Four Hundred Years of Evidence: Culture, Pedagogy, and Native America
Drawing from several major historical Native American education successes, Professor Roland Tharp proposes and supports seven “Standards for Effective Pedagogy” that are applicable to all students, not just Native American students. The standards are:
Joint Productive Activity: Teacher and students producing together; facilitate learning through joint activity among teacher and students.
Developing Language and Literacy across the Curriculum: Develop competence in the language and literacy of instruction in all content areas.
Teaching in Context: Connect teaching and curriculum to experiences and skills of students’ home and community.

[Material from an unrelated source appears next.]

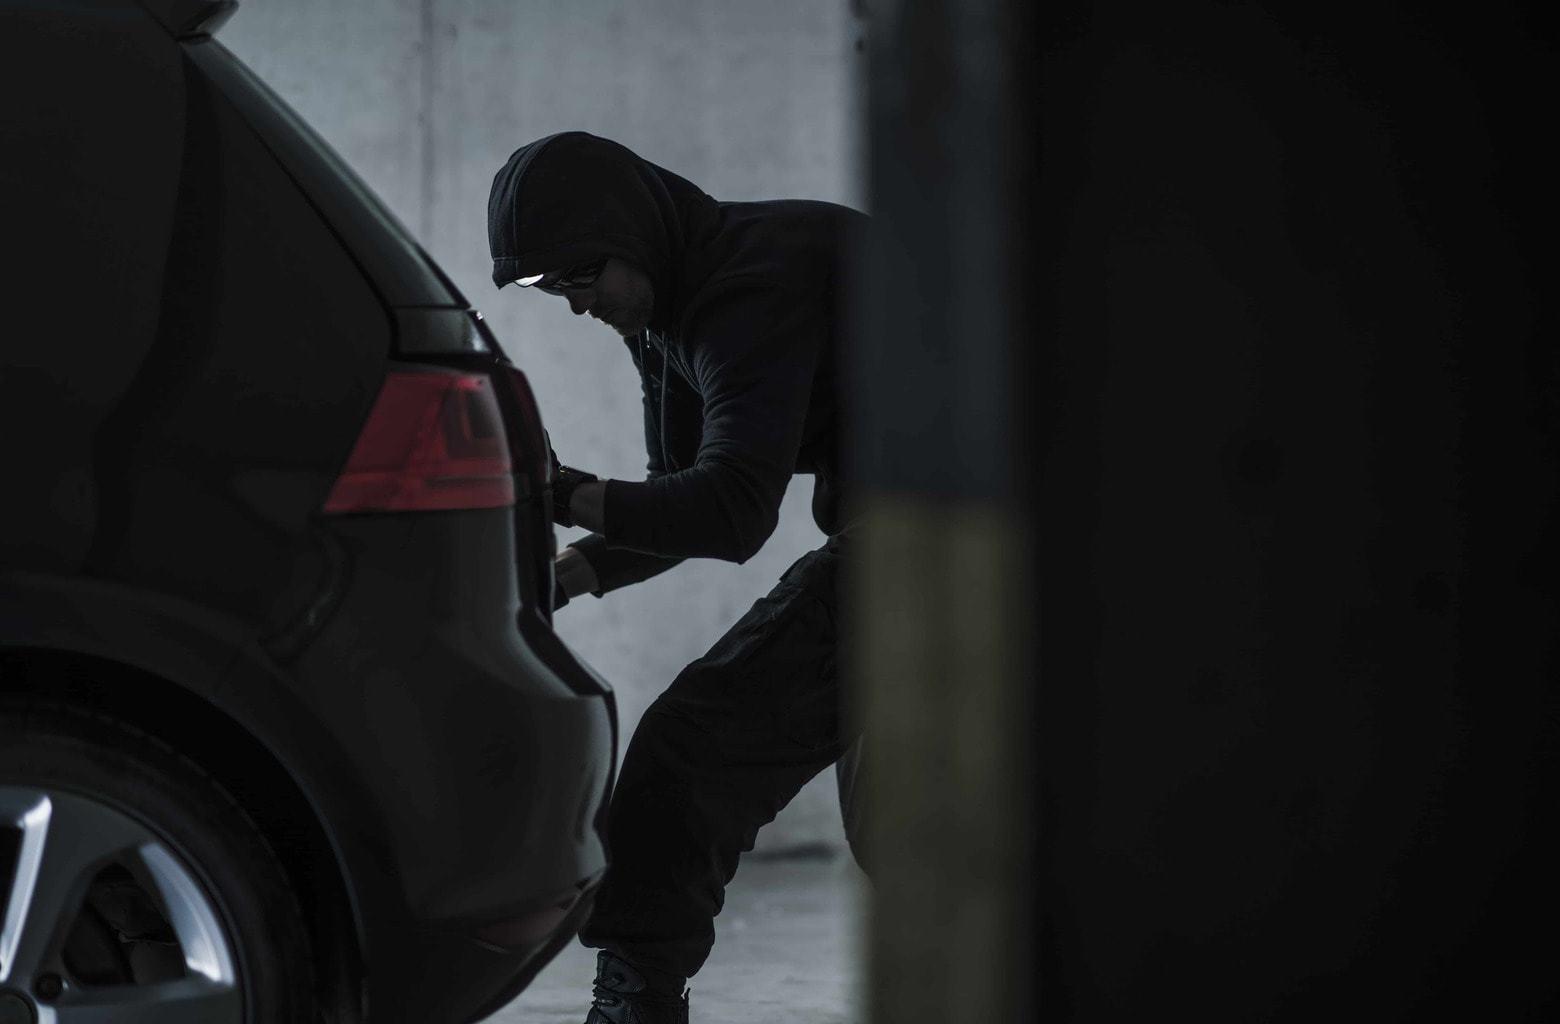 Motor Vehicle Theft in Arizona

Teaching Complex Thinking: Challenge students toward cognitive complexity.
Instructional Conversation: Engage students through dialogue.

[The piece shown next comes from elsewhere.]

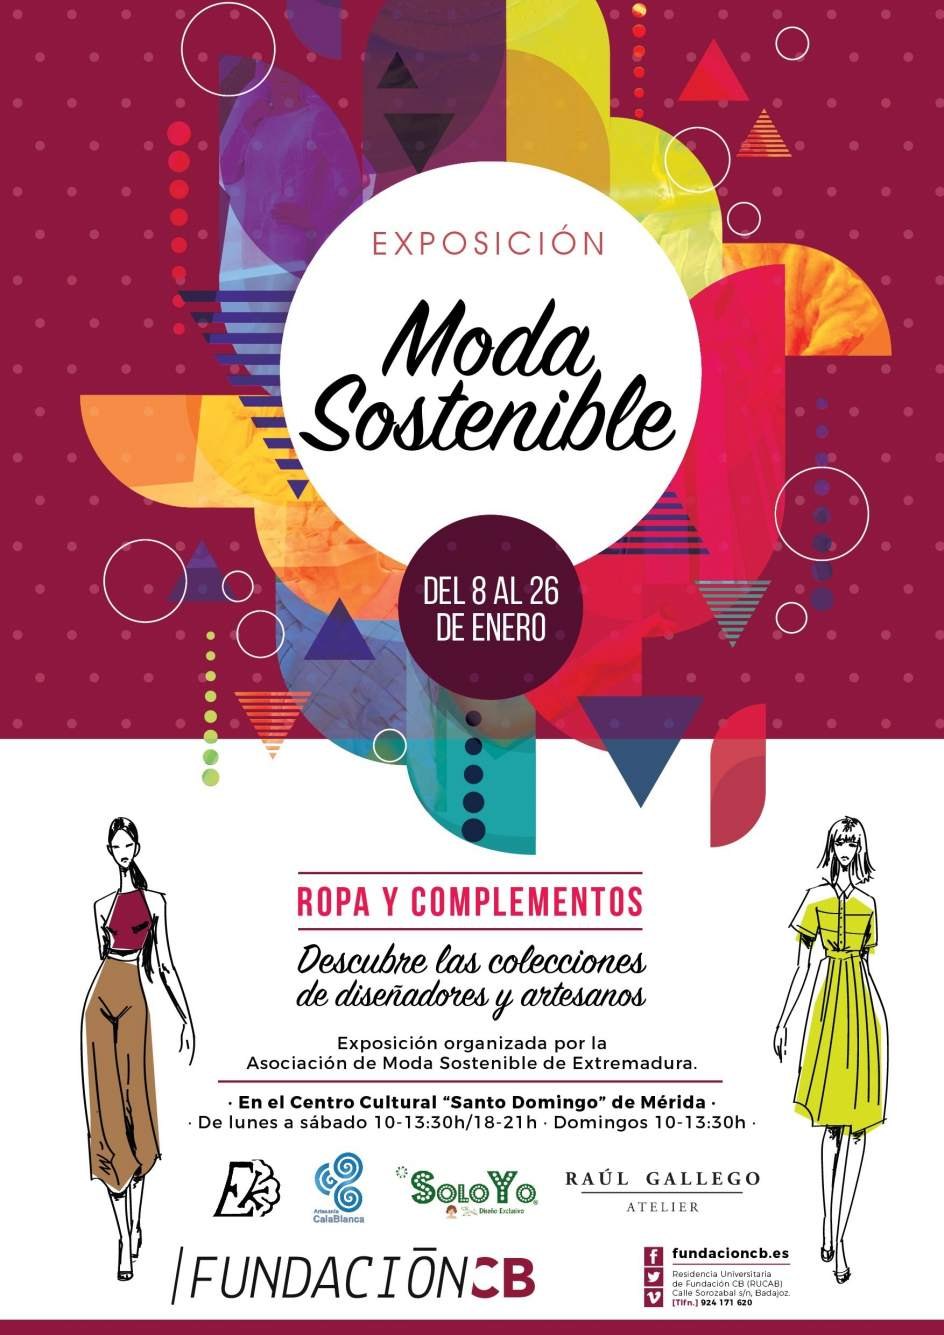 moda-sostenible-expo

Modeling and Demonstration: Learning Through Observation.
Student Directed Activity – Encourage Student Decision Making.
The purposes of this article are well defined and generally met, utilizing a methodology appropriate for the purpose. The author illustrates, using two specific examples, that Native American education has seen its greatest success when it was devoid of public school instruction. Tharp’s instructional standards, therefore, focus on activities plus the personal experiences and skills that students bring to the classroom, as opposed to a more standardized curriculum. Communications quality of the article is typical for a research paper; that is, the author uses a substantial number of academic terms. Utility should be quite reasonable, especially because Tharp’s proposed standards are aligned to current concepts of student-based instruction, rather than teacher- or textbook-based instruction.